What is the cardinality of Z?

And now, what about the rational numbers?

What is the cardinality of Q?

Thus far, we have seen that there are various sets that are countably infinite. Cantor called this new cardinal number representing the size of these sets ''ℵ₀'' (pronounced ''aleph-nought''). Is this the largest number? What could be bigger than the infinity of the counting numbers? But here comes the twist: not all sets are countably infinite.

Non-denumerable sets

Consider now the interval (0,1). How many numbers are in this open interval?
Suppose we were able to list all of the elements in this set:

x₁=0.a₁₁a₁₂a₁₃a₁₄a₁₅a₁₆...
x₂=0.a₂₁a₂₂a₂₃a₂₄a₂₅a₂₆...
x₃=0.a₃₁a₃₂a₃₃a₃₄a₃₅a₃₆...
x₄=0.a₄₁a₄₂a₄₃a₄₄a₄₅a₄₆...
.
.
.
x_n=0.a_n1a_n2a_n3a_n4a_n5a_n6...
.
.
.
Now suppose that we have another number, b=0.b₁b₂b₃b₄b₅b₆..., where b₁ does not equal a₁₁ or 0 or 9, b₂ does not equal a₂₂ or 0 or 9, b₃ does not equal a₃₃ or 0 or 9, etc. This new number b is thus necessarily different from every number in our list above, and must be another number that falls in the interval. But we supposed that we had listed all of the numbers in the interval, so this is a contradiction. Therefore our supposition that we can list all of the elements must be false, and therefore this set is uncountably infinite.

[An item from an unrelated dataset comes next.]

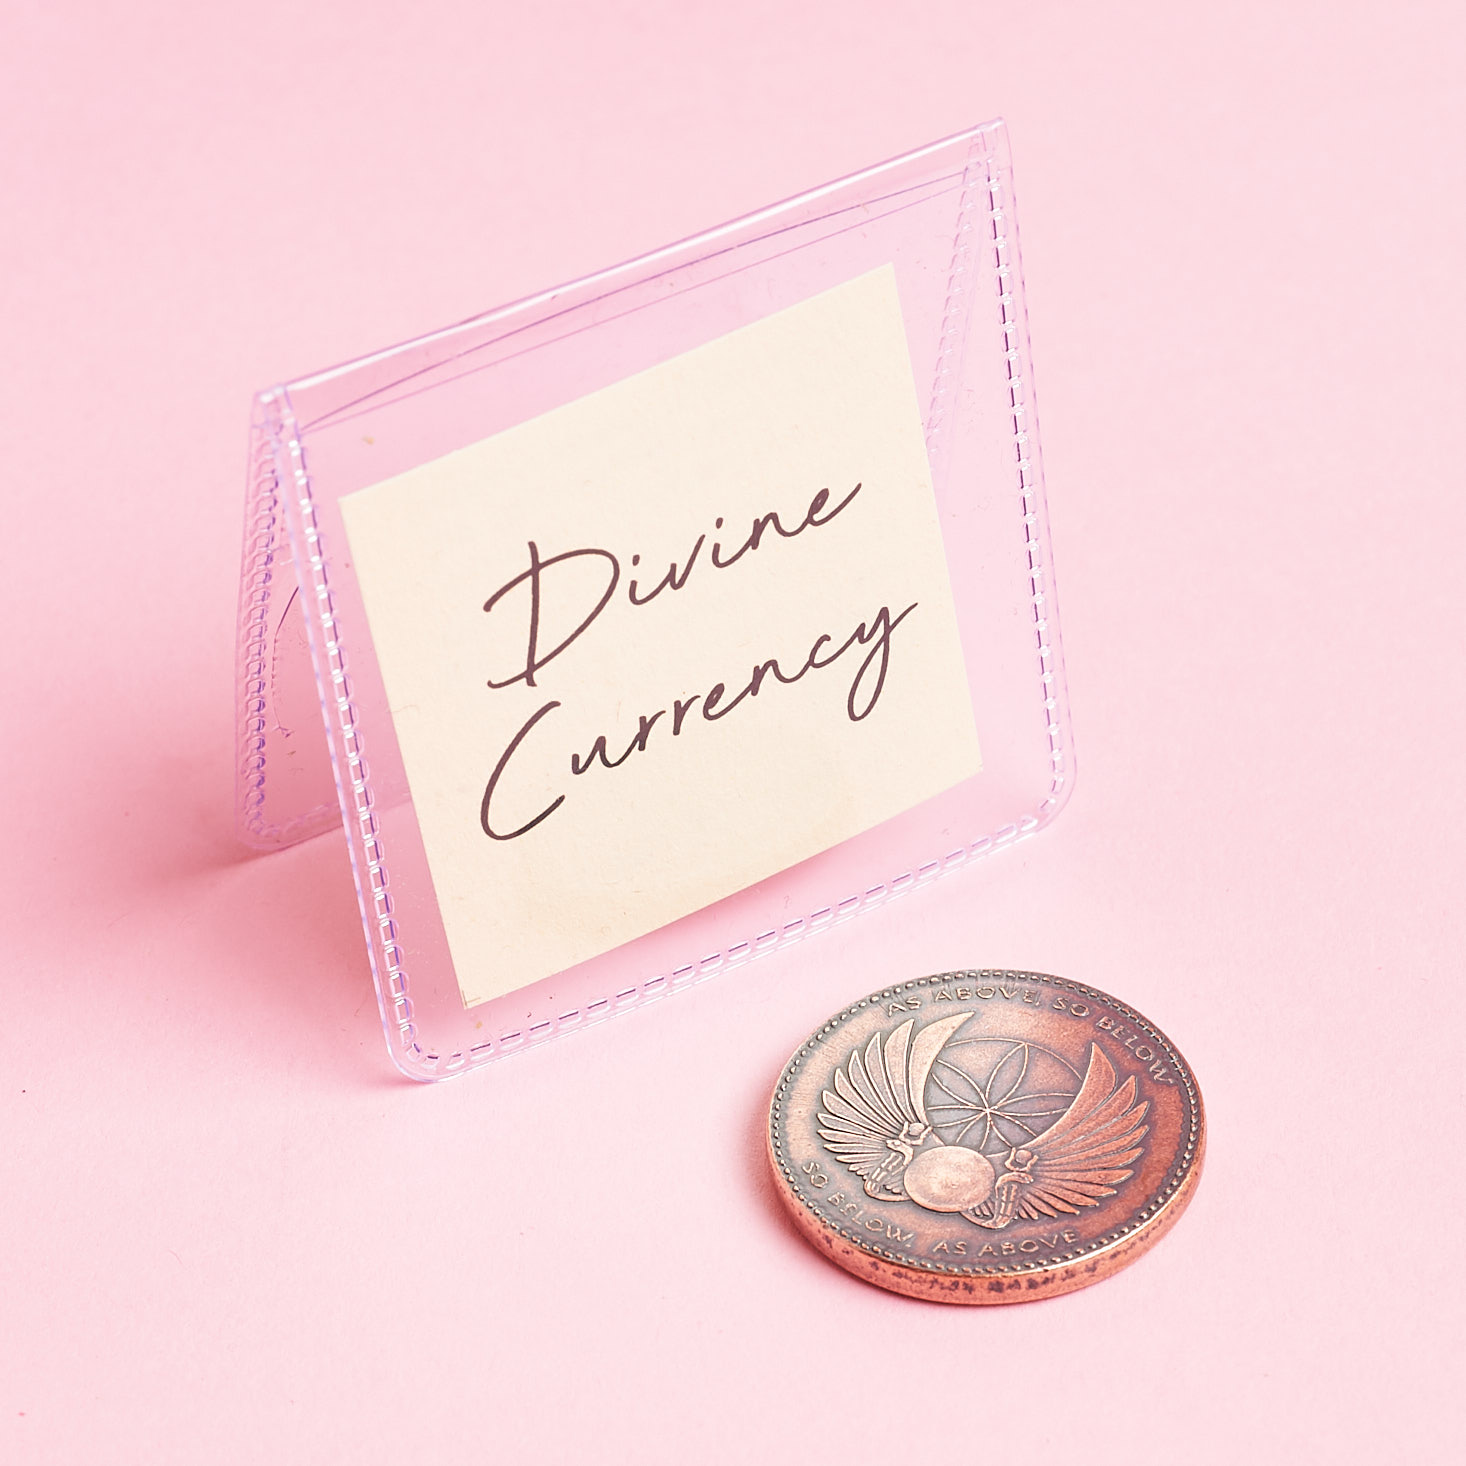 Goddess Provisions Divine Feminine May 2019 subscription box review coin in case

Being uncountably infinite means that the cardinality of this set is greater than the cardinality of the denumerable sets. Believe it or not, there are more elements in this small interval than there are rational numbers! This next larger transfinite cardinal number is ''ℵ₁.''

Actually, any interval (a,b) has this same cardinality of ℵ₁ because all finite intervals can be matched in a 1-1 correspondence with the unit interval by the function y=a+(b-a)x. And so it is also possible to map the set of all real numbers, R, to the unit interval (0,1) with the function y= (2x-1) / (x-x²). Thus |R|=ℵ₁, and it is non-denumerable.

Consider the set of points contained in the square interval S above compared to the points in the interval between 0 and 1. For several years Cantor tried to prove that there is no 1-1 correspondence between the two sets before realizing that, actually, there is. First we need to know the following theorem: If |A| is less than or equal to |B|, and |B| is less than or equal to |A|, then |A|=|B|. So, consider the points in our two sets. We can easily match up any point k in the interval (0,1) with the ordered pair (k, 1/2) in the region S to show that |(0,1)| is less than or equal to |S|. Now consider the the ordered pairs of the points in the region. x and y are between 0 and 1, so x=0.a₁a₂a₃a₄...a_n... and y=0.b ₁b₂b₃b₄...b_n... . Now we simply associate each of these points with a point k in the interval, k=a₁b₁a₂b₂a₃b₃... . Thus |S| is less than or equal to |(0,1)|. So by our theorem, since |S| is less than or equal to |(0,1)| and |(0,1)| is less than or equal to |S|, |(0,1)|=|S|=ℵ₁.

Unions of sets

For this next part we need to know the following theorem:

If B and C are denumerable sets and A is union of B and C, then A itself is denumerable.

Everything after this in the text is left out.